By late 1916, Gabrielle’s archrival, Poiret, had directed his efforts toward the army and successfully redesigned its greatcoats to reduce their cost. Whatever Poiret’s patriotic labors, Gabrielle had, meanwhile, effectively lost her rival and now appeared unstoppable in the field of wartime fashion. At this point, she had more than three hundred people working under her command.

Clearheaded and decisive, Gabrielle had already arrived at her own working methods. Marie-Louise recalled how she “never set foot in the workrooms. She would call us together to tell us what she wanted after she had chosen the fabrics.” While admiring Gabrielle’s ability to evoke and describe what she wanted, her première also believed that her lack of technique sometimes created misunderstandings. When this happened and they made something Gabrielle didn’t like, she didn’t hide her frustration.

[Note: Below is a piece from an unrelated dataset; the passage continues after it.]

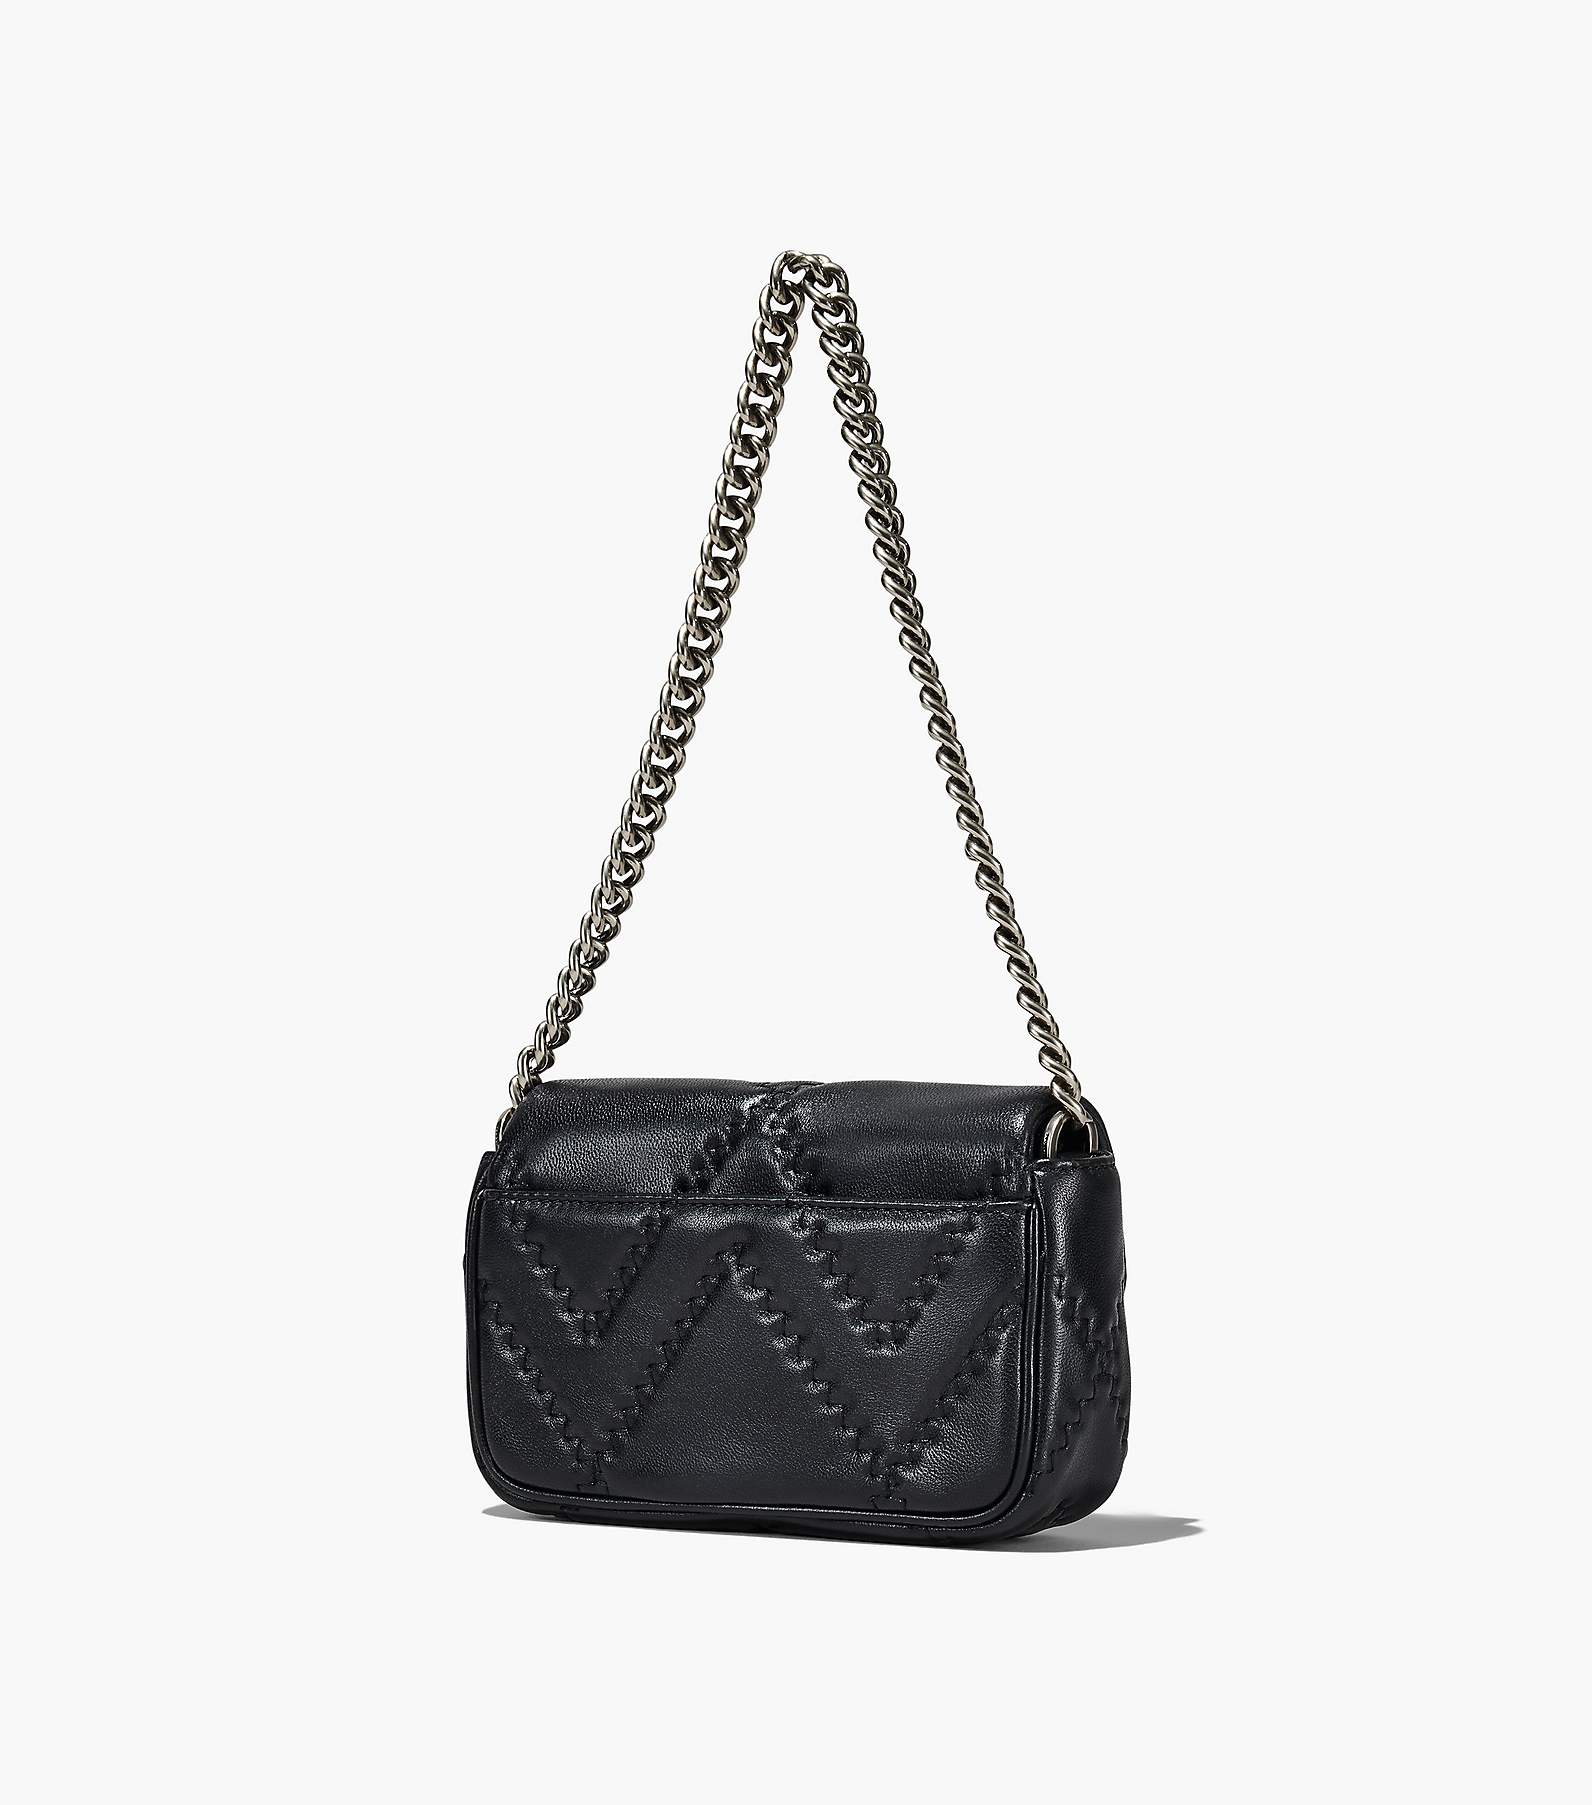 Quilted Black Purse for Women Large Tote Duffle Shoulder Bag Y2K Crossbody Clutch Handbag with Chain Strap for Work Travel

Although Marie-Louise believed that Gabrielle’s lack of technique led her to compensate with an unsettling need to demonstrate her authority, Marie-Louise was in awe of what she described as “her innate taste.” Whatever the première ’s criticisms, she remained impressed by her employer’s “audacity and incredible nerve, especially since she was a milliner and knew little about dressmaking.”10 She would add that Gabrielle’s method “must have had something good in it, since we made such admirable things.” As for Gabrielle herself, Marie-Louise found her “extraordinarily chic. You should have seen her, getting out of her Rolls-Royce in front of the firm on the stroke of noon, for she had… acquired a Rolls with a chauffeur and footman. She was a queen!”11

This “queen” remained at the salon until two or three o’clock, depending upon the importance of her customers. And then “she retired to her drawing room, where she entertained a great deal.”12 The impression this gives — that Gabrielle didn’t work hard — was just what she intended, and is also entirely inaccurate. And one remembers her famous remark, made years later: “It is through work that one achieves. Manna didn’t fall on me from heaven; I molded it with my own hands… The secret of this success is that I have worked terribly hard… Nothing can replace work; not securities, or nerve, or luck.”13

At the same time, as we have seen, Gabrielle had insisted on remaining in the background when she sold hats from Etienne Balsan’s garçonnière, sending her assistants out to deal with the customers rather than meeting them herself. And over the preceding few years, as she had become familiar with people and surroundings of the highest sophistication, the impression that would sometimes be given, that Gabrielle didn’t do much work, signaled something significant in her present thinking. She had recognized that in order to acquire a greater reputation than her fellow designers, she would be wise to cultivate the impression that she didn’t need to work hard; that, by implication, she was the equal of her clients. Having had her nose rubbed in her social inferiority throughout her life, as Gabrielle grew more successful, she felt less and less a sense of personal inadequacy before those more socially exalted than herself.

Under Arthur’s watchful eye, at first using her contacts and the press to promote her hats, Gabrielle’s keen instincts had begun telling her she needed something more all-encompassing than the old-fashioned virtue of a well-known name. However consciously, we will never know, Gabrielle began fostering something on a grander scale.

Even her première, who knew Gabrielle’s working methods and something of her complex personality, was persuaded enough by her projection of status to call Gabrielle “a queen,” and misinterpreted her entertaining as no more than that — entertainment. As Gabrielle’s innate self-belief began to flourish, she was also drawing the outlines of a persona. She was cultivating around her name something that can thrive on any real scale in the modern world only through an ongoing relationship with the press: a public image.